DGX Cloud Performance Engineer, NVIDIA

March 5, 2026

Apply for this job

Email *
Executive Name *

Job Description

NVIDIA requires a DGX Cloud Performance Engineer who will conduct performance testing and benchmark evaluation while optimizing large-scale AI systems on DGX Cloud. The position requires assessment of complete system performance together with hardware and software design collaboration and partnership development with cloud service providers to construct advanced AI infrastructure that operates at high scalability and reliability and efficiency levels.
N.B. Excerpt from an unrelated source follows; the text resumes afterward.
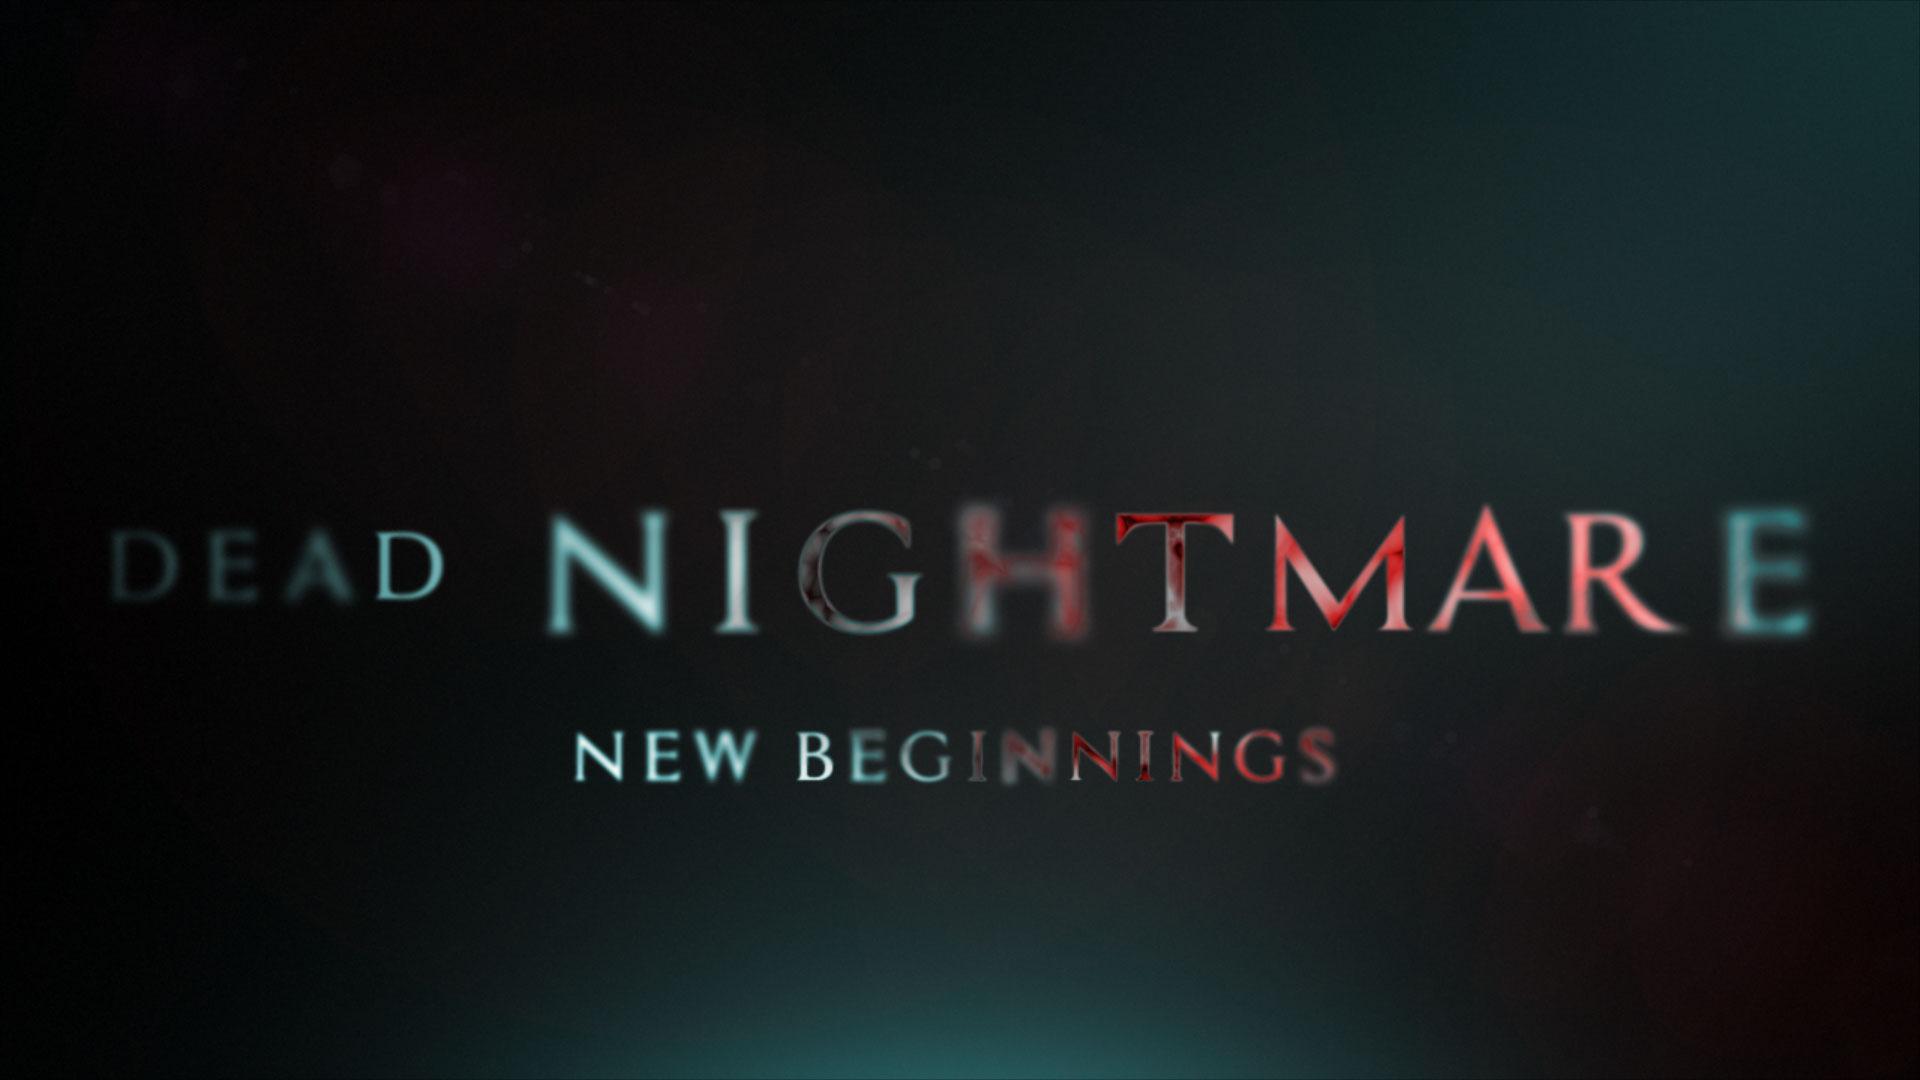 Dead Nightmare New Beginnings Picture 2017_01472

Date Posted: February 2026

Expiration Date: NA

Apply: Apply Now

Main Duties

  • Create performance benchmarks together with large-scale AI systems which will include tools for measuring and optimizing system efficiency. 
  • Conduct complete system performance assessments which help detect performance obstacles and system interdependencies. 
  • Implement hardware and software modifications which enhance both operational efficiency and user experience. 
  • Work with AI researchers and developers and cloud partners to create solutions that meet both customer and developer requirements. 
  • Develop performance models and total cost of ownership frameworks which they use to investigate architectural and design decision-making processes. 
  • Establish methods which will shape DGX Cloud’s architectural framework and design principles and future development plans.

Essential Qualifications

  • Bachelor’s or Master’s degree in Engineering (Computer Science, Computer Engineering, Electrical Engineering preferred).
  • 10+ years of experience with large-scale parallel and distributed accelerator-based systems.
  • Strong expertise in performance modeling, benchmarking, and optimization.
  • Proficiency in Python and C/C++.
  • Solid background in computer architecture, networking, storage, and accelerators.
  • Experience with public cloud platforms (AWS, GCP, Azure, OCI).

Preferred Qualifications

  • PhD in a relevant technical field. 
  • Expertise in CUDA and XLA together with experience in operating large-scale AI frameworks which include PyTorch and TensorFlow and JAX and Megatron-LM and TensorRT-LLM and vLLM.
  • Possess complete knowledge of AI/ML workloads which include LLMs and DNNs.

Display multiple strengths which include excellent problem-solving skills and high intellectual curiosity and strong ability to work with others.